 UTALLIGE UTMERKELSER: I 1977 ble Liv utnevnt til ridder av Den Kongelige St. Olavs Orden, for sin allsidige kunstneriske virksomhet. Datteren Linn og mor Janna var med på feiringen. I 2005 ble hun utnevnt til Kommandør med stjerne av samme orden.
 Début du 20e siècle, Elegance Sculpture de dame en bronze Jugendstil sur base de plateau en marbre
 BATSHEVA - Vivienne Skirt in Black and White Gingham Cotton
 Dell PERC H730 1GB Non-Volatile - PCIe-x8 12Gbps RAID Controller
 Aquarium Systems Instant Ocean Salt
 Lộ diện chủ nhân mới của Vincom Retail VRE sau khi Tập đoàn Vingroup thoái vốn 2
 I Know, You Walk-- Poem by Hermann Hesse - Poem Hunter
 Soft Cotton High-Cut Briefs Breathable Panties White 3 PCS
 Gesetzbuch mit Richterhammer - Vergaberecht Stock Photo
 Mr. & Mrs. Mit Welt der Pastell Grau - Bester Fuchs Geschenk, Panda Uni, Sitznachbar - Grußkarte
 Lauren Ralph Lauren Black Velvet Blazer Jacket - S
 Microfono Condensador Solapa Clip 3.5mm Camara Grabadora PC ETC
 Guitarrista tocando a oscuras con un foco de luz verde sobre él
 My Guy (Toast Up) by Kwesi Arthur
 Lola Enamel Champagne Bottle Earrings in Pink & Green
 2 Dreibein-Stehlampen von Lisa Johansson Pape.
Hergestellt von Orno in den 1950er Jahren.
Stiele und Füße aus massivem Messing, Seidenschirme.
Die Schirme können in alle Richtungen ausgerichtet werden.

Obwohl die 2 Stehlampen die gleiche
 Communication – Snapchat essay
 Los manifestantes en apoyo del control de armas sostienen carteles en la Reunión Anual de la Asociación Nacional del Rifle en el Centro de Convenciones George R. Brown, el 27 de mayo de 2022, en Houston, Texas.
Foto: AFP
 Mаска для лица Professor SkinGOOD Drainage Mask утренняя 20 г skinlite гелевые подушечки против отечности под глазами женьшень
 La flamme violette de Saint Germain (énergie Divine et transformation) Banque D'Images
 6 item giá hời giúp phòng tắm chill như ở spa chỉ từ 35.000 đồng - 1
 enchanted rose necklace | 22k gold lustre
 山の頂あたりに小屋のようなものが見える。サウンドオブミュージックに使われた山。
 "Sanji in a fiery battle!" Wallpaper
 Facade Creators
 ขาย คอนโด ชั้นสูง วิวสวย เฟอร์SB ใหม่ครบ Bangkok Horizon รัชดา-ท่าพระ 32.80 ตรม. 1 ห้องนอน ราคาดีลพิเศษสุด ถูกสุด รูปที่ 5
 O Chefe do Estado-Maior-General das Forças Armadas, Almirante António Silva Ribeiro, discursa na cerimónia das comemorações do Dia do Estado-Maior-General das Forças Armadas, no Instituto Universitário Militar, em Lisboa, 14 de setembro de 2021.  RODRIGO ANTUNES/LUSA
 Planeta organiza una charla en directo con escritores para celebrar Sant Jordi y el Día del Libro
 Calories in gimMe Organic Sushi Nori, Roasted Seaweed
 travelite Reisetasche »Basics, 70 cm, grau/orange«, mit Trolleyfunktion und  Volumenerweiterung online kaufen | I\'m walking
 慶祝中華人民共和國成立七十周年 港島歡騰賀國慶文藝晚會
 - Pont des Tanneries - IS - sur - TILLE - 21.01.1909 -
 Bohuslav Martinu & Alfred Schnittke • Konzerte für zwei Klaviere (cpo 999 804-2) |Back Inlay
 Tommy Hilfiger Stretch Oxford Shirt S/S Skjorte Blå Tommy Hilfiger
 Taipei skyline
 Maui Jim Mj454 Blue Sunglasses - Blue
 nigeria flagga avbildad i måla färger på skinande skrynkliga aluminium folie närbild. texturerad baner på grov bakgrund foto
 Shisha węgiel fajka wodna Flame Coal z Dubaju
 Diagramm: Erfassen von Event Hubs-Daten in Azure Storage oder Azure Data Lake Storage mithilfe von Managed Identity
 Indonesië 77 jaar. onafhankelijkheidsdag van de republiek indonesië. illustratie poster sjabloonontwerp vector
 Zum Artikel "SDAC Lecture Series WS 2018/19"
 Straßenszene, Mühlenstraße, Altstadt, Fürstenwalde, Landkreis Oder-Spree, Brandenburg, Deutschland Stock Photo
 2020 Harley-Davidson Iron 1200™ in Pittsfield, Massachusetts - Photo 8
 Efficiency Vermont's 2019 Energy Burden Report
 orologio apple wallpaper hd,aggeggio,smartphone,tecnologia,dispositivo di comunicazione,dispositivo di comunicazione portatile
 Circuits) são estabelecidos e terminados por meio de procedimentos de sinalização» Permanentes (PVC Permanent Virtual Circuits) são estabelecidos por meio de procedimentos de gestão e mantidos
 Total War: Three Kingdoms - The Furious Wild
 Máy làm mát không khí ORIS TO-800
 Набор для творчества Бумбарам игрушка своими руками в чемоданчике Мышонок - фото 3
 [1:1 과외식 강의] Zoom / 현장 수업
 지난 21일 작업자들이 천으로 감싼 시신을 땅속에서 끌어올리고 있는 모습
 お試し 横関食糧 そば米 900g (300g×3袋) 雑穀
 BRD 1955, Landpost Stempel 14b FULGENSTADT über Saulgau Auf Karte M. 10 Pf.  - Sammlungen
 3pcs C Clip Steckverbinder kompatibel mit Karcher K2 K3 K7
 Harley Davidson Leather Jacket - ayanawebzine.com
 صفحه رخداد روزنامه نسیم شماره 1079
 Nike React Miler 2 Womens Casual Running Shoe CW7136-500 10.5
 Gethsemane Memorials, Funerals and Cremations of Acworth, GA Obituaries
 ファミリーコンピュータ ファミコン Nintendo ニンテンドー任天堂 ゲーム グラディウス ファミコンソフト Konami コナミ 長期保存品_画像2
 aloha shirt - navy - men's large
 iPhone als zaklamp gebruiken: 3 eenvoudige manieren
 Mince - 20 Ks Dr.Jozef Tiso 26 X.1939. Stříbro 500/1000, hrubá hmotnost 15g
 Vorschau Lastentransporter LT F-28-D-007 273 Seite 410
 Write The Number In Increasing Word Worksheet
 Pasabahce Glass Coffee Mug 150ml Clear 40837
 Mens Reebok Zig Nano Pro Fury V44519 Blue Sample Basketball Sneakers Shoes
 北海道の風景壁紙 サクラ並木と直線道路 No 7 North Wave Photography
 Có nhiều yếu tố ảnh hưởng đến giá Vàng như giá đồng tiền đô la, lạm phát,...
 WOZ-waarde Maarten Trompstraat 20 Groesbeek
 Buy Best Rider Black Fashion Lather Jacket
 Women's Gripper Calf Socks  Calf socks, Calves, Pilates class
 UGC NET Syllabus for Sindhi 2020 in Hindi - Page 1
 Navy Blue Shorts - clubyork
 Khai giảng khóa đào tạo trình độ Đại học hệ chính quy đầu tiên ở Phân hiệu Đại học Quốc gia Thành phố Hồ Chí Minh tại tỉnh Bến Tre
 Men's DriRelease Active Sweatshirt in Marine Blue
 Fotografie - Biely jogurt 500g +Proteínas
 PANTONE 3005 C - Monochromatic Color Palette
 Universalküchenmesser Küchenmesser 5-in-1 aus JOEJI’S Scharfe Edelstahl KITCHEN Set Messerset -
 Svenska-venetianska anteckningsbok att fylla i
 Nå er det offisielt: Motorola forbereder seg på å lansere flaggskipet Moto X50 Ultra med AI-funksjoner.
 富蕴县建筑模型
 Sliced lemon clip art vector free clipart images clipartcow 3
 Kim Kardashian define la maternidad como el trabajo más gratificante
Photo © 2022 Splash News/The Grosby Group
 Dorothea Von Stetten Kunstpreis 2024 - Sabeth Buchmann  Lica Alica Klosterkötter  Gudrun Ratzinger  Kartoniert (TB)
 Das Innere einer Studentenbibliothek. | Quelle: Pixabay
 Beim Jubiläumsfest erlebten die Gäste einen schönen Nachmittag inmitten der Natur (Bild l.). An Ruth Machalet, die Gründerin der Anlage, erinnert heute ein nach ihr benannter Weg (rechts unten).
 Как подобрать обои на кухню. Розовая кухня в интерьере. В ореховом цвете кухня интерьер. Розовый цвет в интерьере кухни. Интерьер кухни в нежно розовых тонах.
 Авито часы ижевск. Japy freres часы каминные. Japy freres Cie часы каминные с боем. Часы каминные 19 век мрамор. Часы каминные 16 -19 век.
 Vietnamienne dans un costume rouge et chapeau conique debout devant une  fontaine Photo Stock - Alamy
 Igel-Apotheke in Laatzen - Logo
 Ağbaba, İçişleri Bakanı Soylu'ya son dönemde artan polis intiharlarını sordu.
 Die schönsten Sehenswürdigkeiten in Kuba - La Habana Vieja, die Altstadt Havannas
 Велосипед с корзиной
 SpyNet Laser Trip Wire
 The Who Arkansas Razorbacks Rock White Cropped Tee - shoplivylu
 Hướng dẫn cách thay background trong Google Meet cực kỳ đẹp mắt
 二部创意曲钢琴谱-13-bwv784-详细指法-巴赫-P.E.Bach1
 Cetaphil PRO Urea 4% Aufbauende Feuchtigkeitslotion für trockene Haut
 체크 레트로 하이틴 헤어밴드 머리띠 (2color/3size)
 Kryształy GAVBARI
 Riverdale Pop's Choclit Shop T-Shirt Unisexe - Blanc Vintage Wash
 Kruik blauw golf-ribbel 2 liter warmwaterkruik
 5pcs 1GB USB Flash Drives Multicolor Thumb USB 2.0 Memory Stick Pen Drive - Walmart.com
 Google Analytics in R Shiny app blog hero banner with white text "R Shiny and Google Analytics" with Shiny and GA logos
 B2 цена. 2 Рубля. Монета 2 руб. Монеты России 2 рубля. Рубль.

________________

Copy, exactly and only, the lines above that begin with the one containing "orologio apple wallpaper" and finish with the one containing "Women's Gripper Calf".

 orologio apple wallpaper hd,aggeggio,smartphone,tecnologia,dispositivo di comunicazione,dispositivo di comunicazione portatile
 Circuits) são estabelecidos e terminados por meio de procedimentos de sinalização» Permanentes (PVC Permanent Virtual Circuits) são estabelecidos por meio de procedimentos de gestão e mantidos
 Total War: Three Kingdoms - The Furious Wild
 Máy làm mát không khí ORIS TO-800
 Набор для творчества Бумбарам игрушка своими руками в чемоданчике Мышонок - фото 3
 [1:1 과외식 강의] Zoom / 현장 수업
 지난 21일 작업자들이 천으로 감싼 시신을 땅속에서 끌어올리고 있는 모습
 お試し 横関食糧 そば米 900g (300g×3袋) 雑穀
 BRD 1955, Landpost Stempel 14b FULGENSTADT über Saulgau Auf Karte M. 10 Pf.  - Sammlungen
 3pcs C Clip Steckverbinder kompatibel mit Karcher K2 K3 K7
 Harley Davidson Leather Jacket - ayanawebzine.com
 صفحه رخداد روزنامه نسیم شماره 1079
 Nike React Miler 2 Womens Casual Running Shoe CW7136-500 10.5
 Gethsemane Memorials, Funerals and Cremations of Acworth, GA Obituaries
 ファミリーコンピュータ ファミコン Nintendo ニンテンドー任天堂 ゲーム グラディウス ファミコンソフト Konami コナミ 長期保存品_画像2
 aloha shirt - navy - men's large
 iPhone als zaklamp gebruiken: 3 eenvoudige manieren
 Mince - 20 Ks Dr.Jozef Tiso 26 X.1939. Stříbro 500/1000, hrubá hmotnost 15g
 Vorschau Lastentransporter LT F-28-D-007 273 Seite 410
 Write The Number In Increasing Word Worksheet
 Pasabahce Glass Coffee Mug 150ml Clear 40837
 Mens Reebok Zig Nano Pro Fury V44519 Blue Sample Basketball Sneakers Shoes
 北海道の風景壁紙 サクラ並木と直線道路 No 7 North Wave Photography
 Có nhiều yếu tố ảnh hưởng đến giá Vàng như giá đồng tiền đô la, lạm phát,...
 WOZ-waarde Maarten Trompstraat 20 Groesbeek
 Buy Best Rider Black Fashion Lather Jacket
 Women's Gripper Calf Socks  Calf socks, Calves, Pilates class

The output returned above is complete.